Karelis has found that about 30 per cent of obese people appear to display metabolic health indistinguishable from those of young lean individuals, including normal blood pressure, low levels of bad fats, high levels of healthy fats, high insulin sensitivity and low inflammation.

Metabolically healthy obese (MHO) adults also have less fat in their livers, muscles and around their vital organs, but more subcutaneous fat under their skin, he said.

“Some [obese] people collect fat under their skin where it is less likely to go into the liver and the heart or the pancreas and cause all kinds of trouble,” said Karelis. “Fat on their thighs is associated with health benefits, but abdominal fat is more associated with [poor health].”

Karelis argues that identifying people by their metabolic health, rather than their weight, is key for doctors making decisions about how to treat their patients.

“We know these people exist and that they have a lower risk of diabetes and cardiovascular disease,” Karelis said. “They have a better inflammation profile, a better hormonal profile and they are physically stronger.”

There are signs that weight loss may be harmful to people who are metabolically healthy but obese.

MHO individuals who participated in a six-month weight-loss study showed deteriorated insulin sensitivity, a risk factor for diabetes and heart disease. Metabolically abnormal obese study participants — those who display inflammation and unhealthy fat profiles usually associated with obesity — showed improved insulin sensitivity, suggesting their health could benefit from weight loss.

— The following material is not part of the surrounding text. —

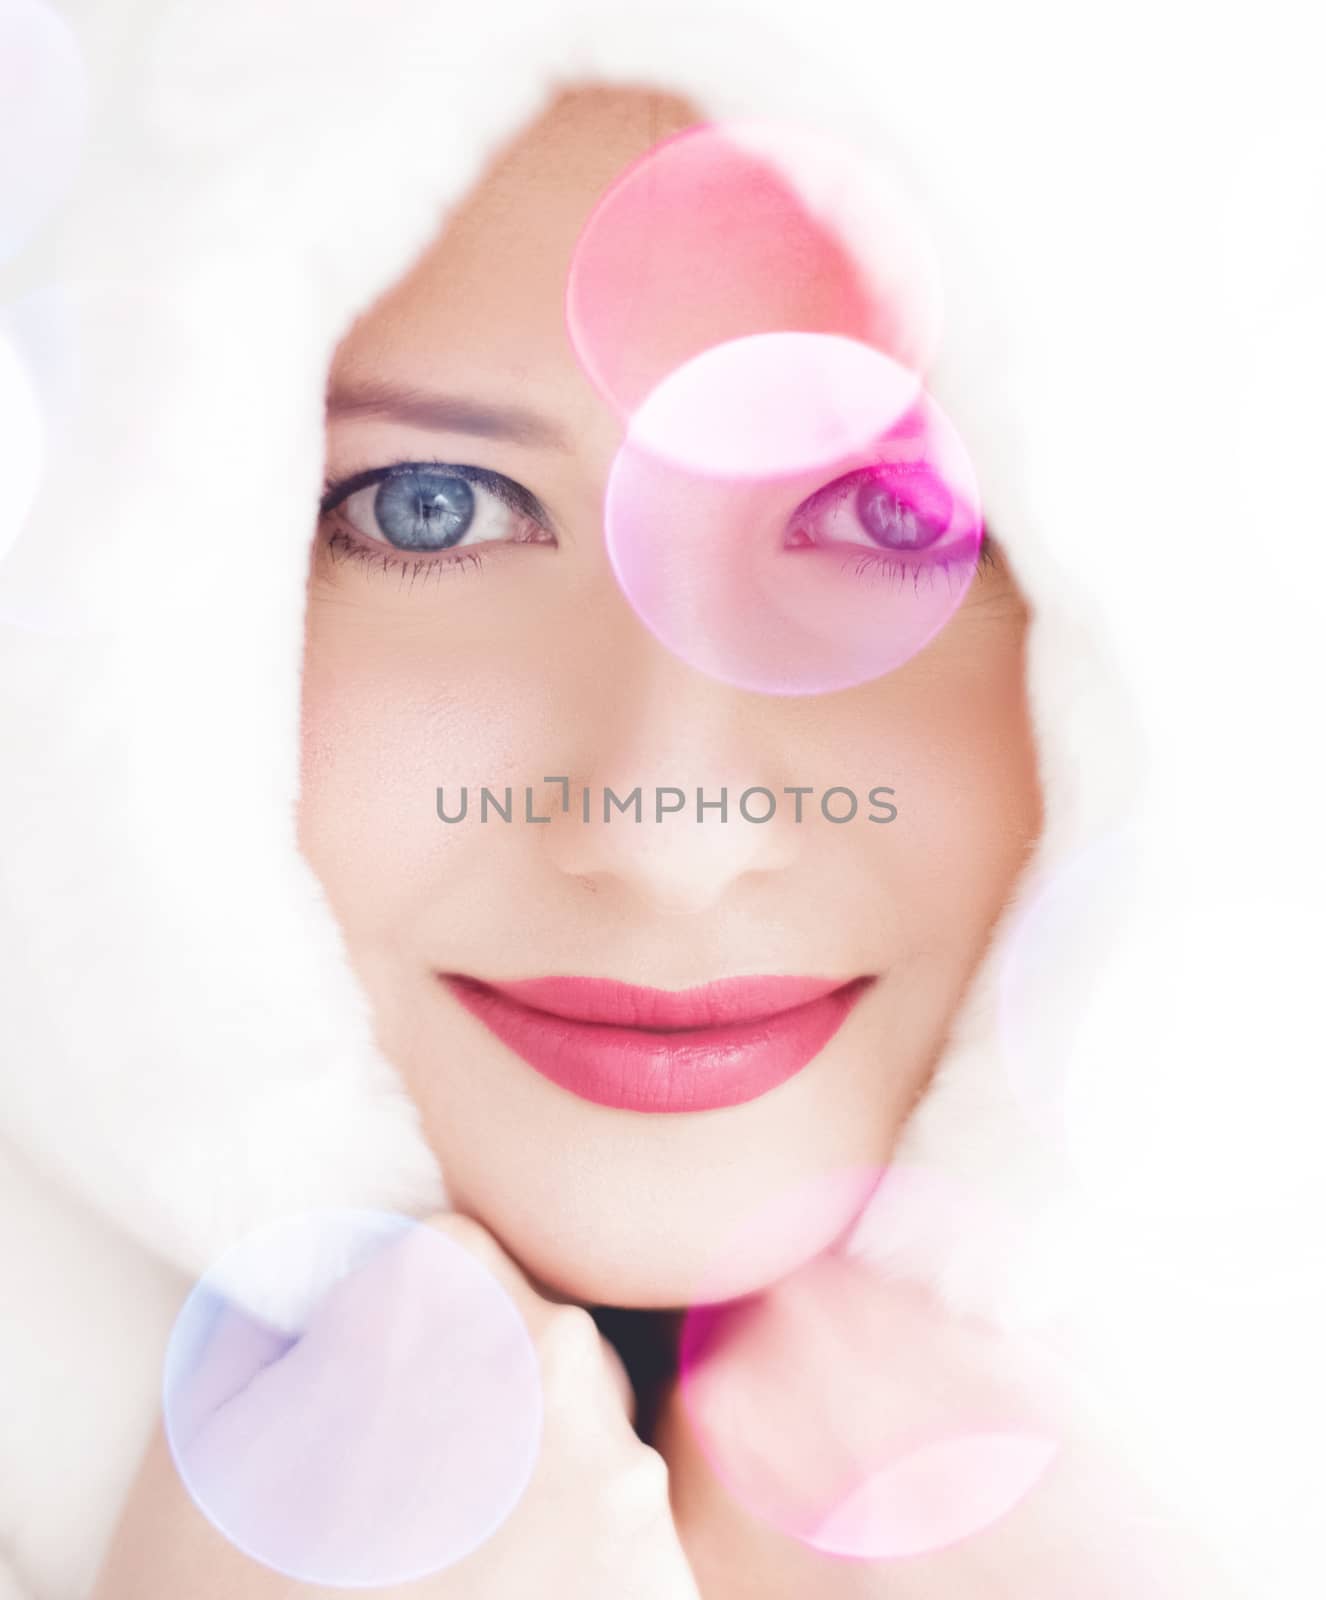 Merry Christmas portrait of smiling young woman wearing fluffy w by Anneleven

A 2009 study in the journal Epidemiology of middle- and older-aged obese adults found an increased risk of death associated with weight loss. Another CIHR study found that weight loss in obese post-menopausal women increased their risk of developing diabetes.”

Since diabetes seems to be the main risk caused by messing with a good thing, i.e. losing weight when you’re metabolically healthy to start, I think I’ll keep on eye on this in my case if I make progress to a leaner me by year 50. We’ve got a type 2 diabetic in the house so monitoring my blood sugar at least is easy.